Erklärung der Forschungsgruppe Ethisch-Ökologisches Rating (FGEÖR) der Goethe-Universität Frankfurt
1997 veröffentlichte die FGEÖR den sogenannten Frankfurt-Hohenheimer-Leitfaden (FHL) – Ethische Bewertung von Unternehmen. Nach fast zwanzig Jahren war nun es an der Zeit, sich an eine kritische Relektüre zu wagen, denn viel hatte sich inzwischen in der Nachhaltigkeitsdiskussion bewegt und verändert – und nicht nur zum Besten: Der Begriff selbst ist durch dutzendfache Definitionsversuche reichlich verunklart worden; Ratingagenturen missbrauchen ihn in seiner schwachen Form ebenso wie Industrie-Unternehmen zum Greenwashing. Das Ergebnis ist eine weitestgehende Aufspaltung der Nachhaltigkeitsforschung. Daher bleibt ihre Wirkung auf Politik und Gesellschaft schwächer als seinerzeit erwartet.

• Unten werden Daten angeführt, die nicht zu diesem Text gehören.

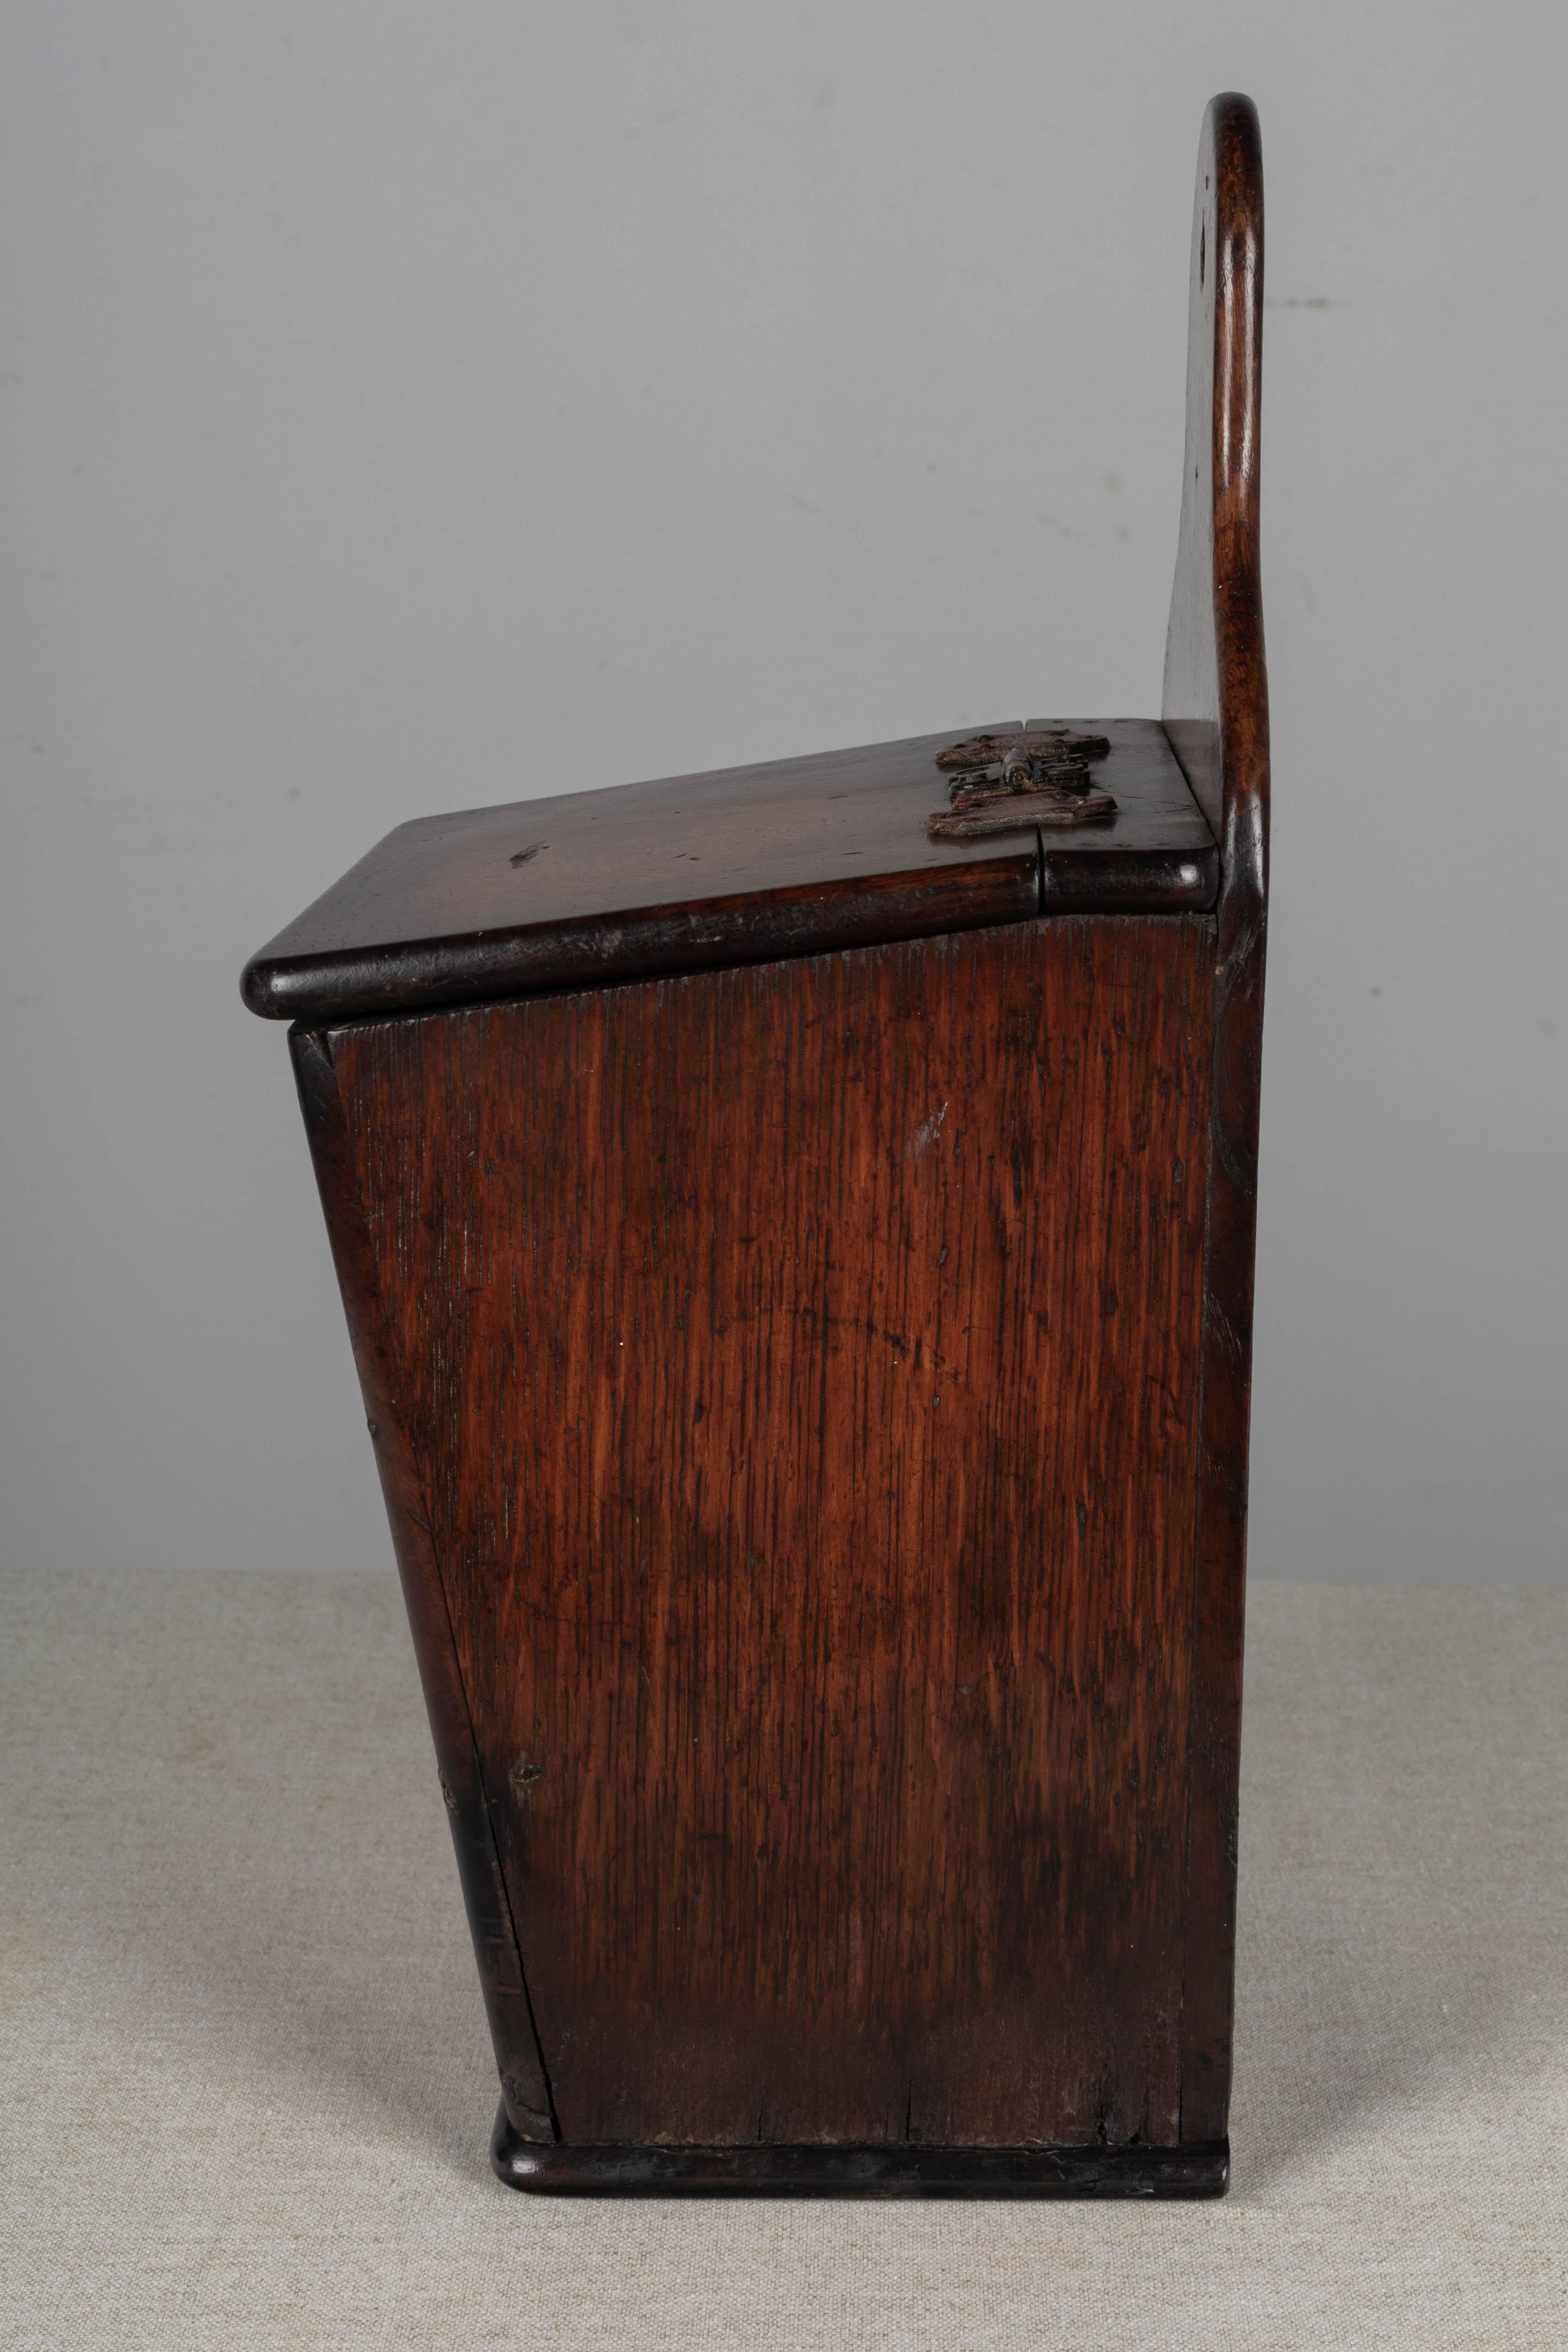 Leather Early 19th Century French Boite À Sel or Salt Box For Sale

Hier setzt die Neuauflage des FHL an: Mit einem starken Nachhaltigkeitsbegriff und daran orientierten aktualisierten Kriterien will er Ordnung in die Diskussion und Klarheit in die Argumentation bringen.

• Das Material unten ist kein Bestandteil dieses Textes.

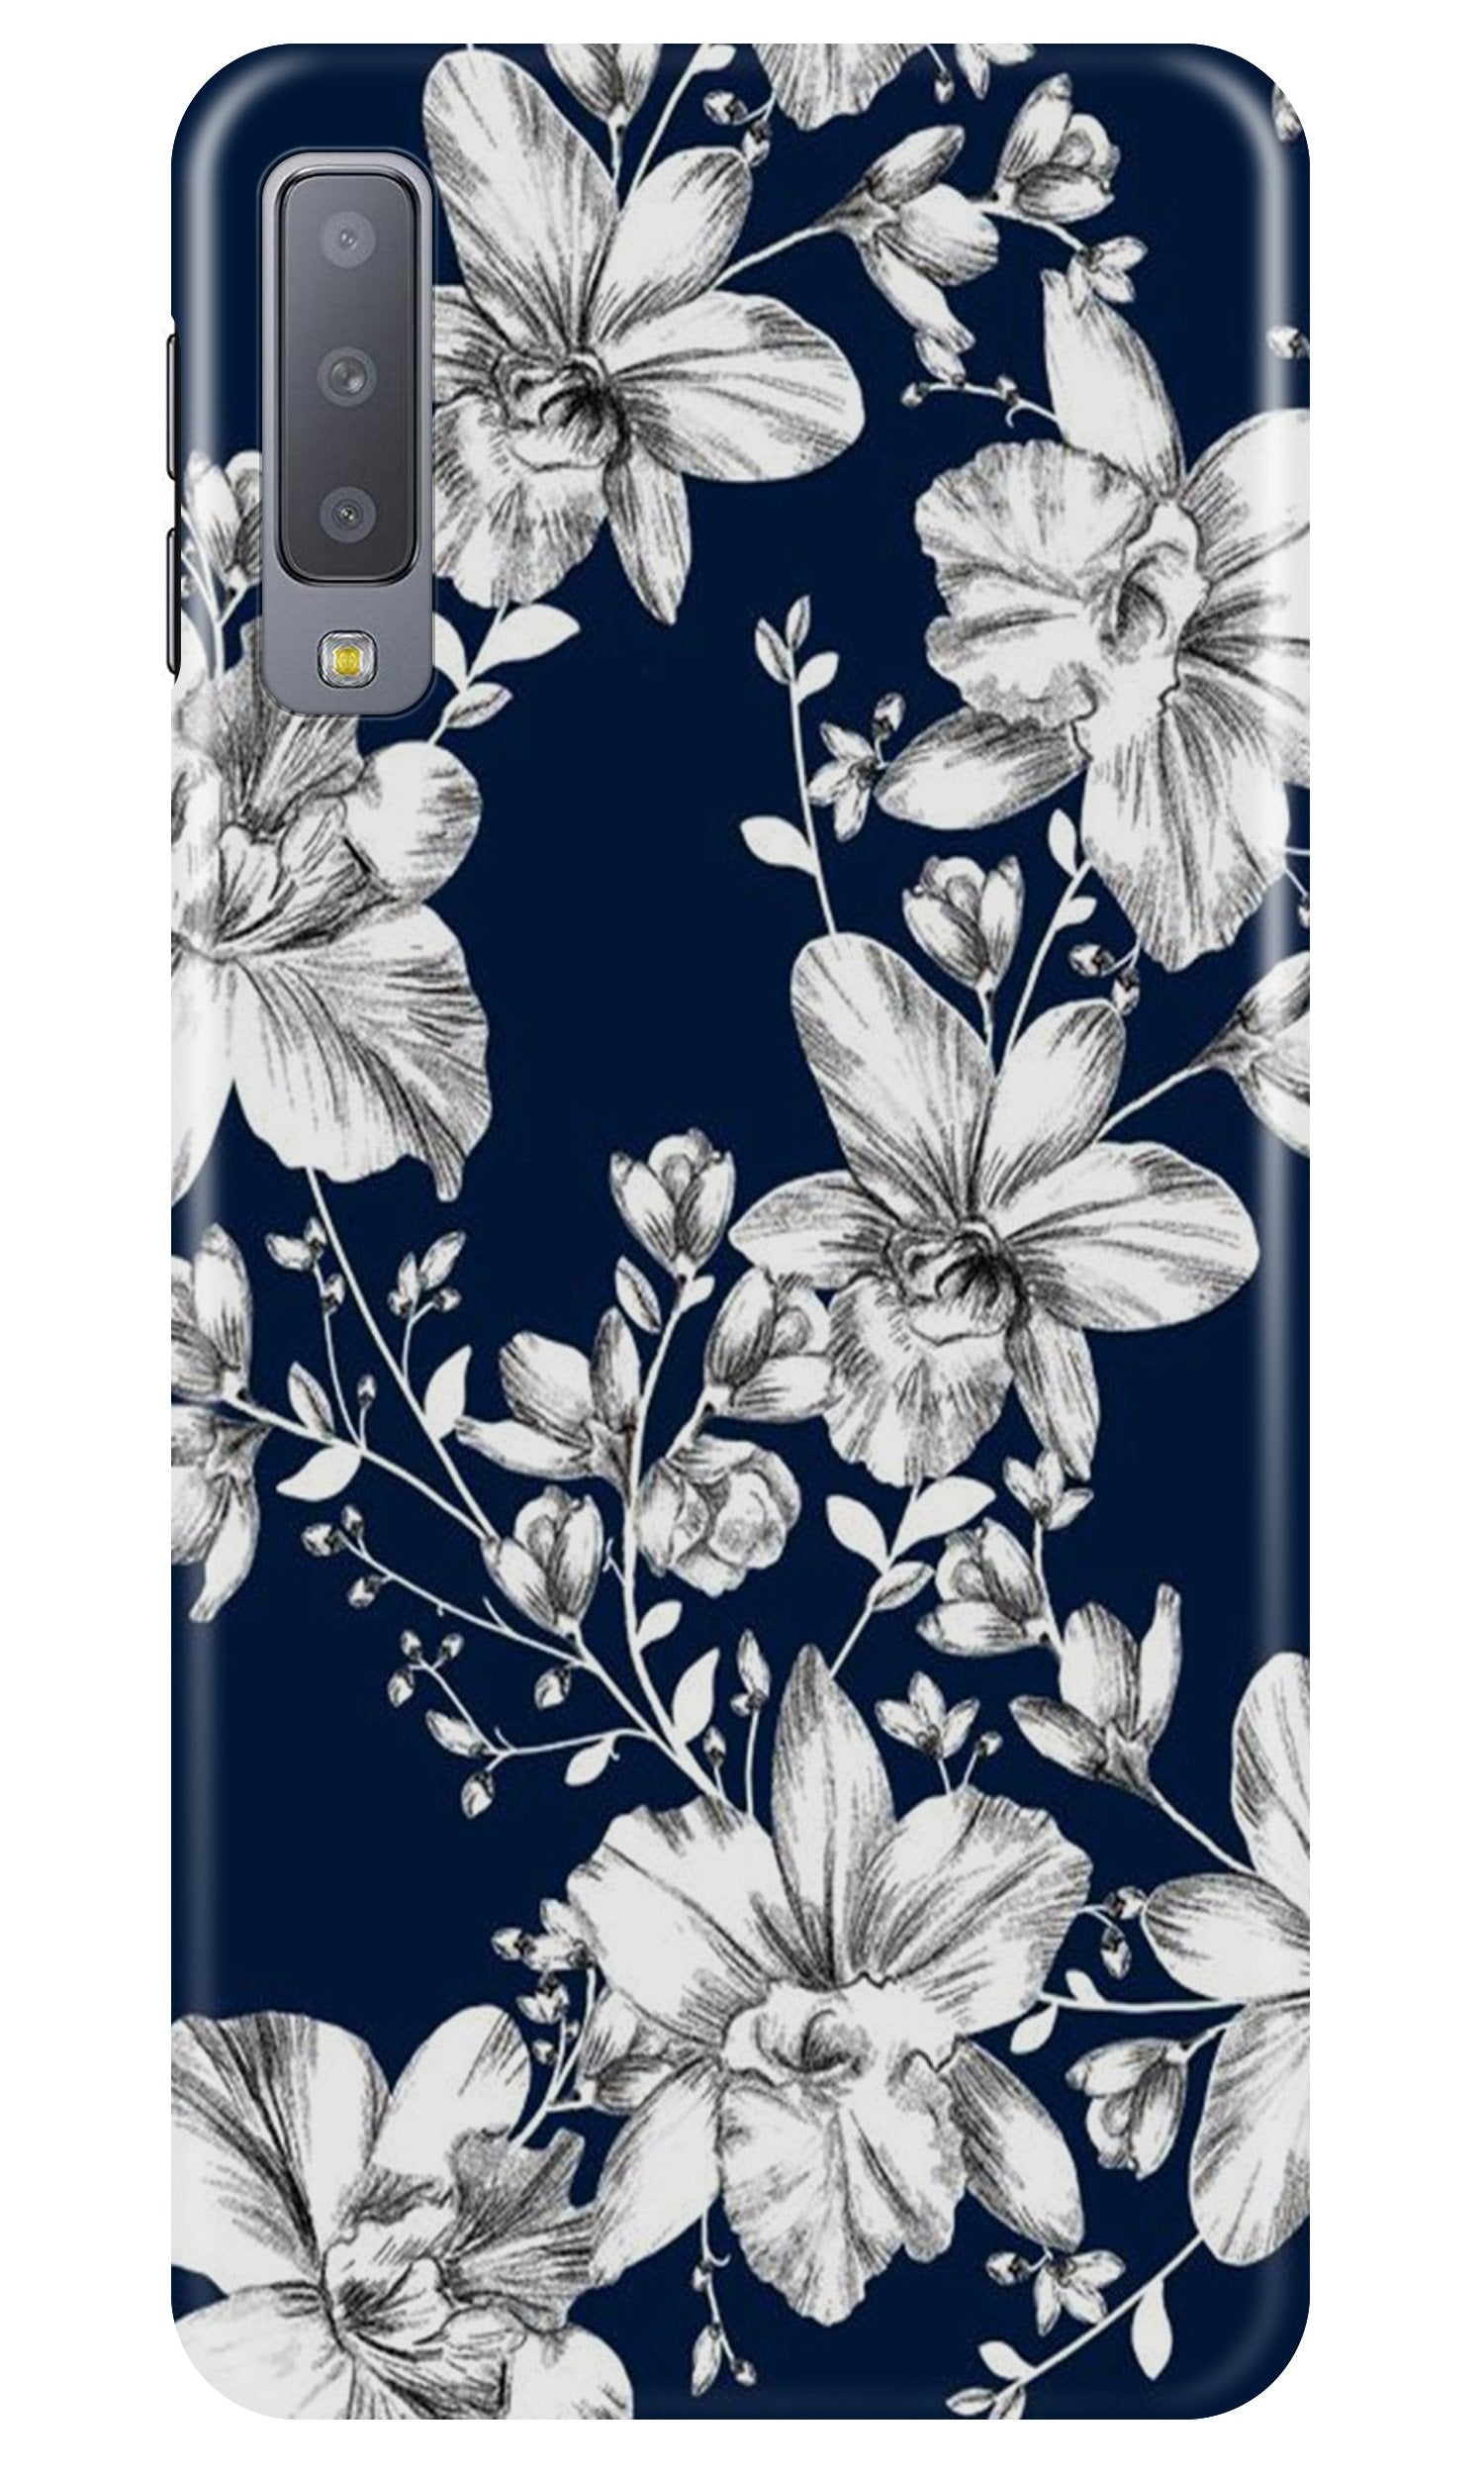 White flowers Blue Background Case for Samung Galaxy A70s

Aus der Komplexität dieses Vorhabens ergibt sich, dass es weiterer Forschungen und anschließender bzw. begleitender Publikationen zu diesem Themenkomplex bedarf, insbesondere im Bereich der Operationalisierung von Kulturverträglichkeit sowie der (exemplarischen) Zuweisung von Externalisierungskosten zu einzelnen Bewertungskriterien.
Anders als der ursprüngliche FHL (1997) richtet sich der FHL 2.0 nicht mehr zentral an Nachhaltigkeitsrating-Agenturen, Unternehmen und Banken, sondern an alle Stakeholder. Es geht um die Realisierung einer Kreislaufwirtschaft. Hier werden Konsumenten/Verbraucher zu Usern/Nutzern des Planeten, wenn sie beim Kauf darauf achten, dass sie überall, wo es möglich ist, Produkte mit ehrlichen Preisen erwerben und Billigprodukte ablehnen, weil der niedrige Preis in der Regel der Abwälzung ökologischer und sozialer Kosten auf die Allgemeinheit geschuldet ist und das Gemeinwohl schädigt.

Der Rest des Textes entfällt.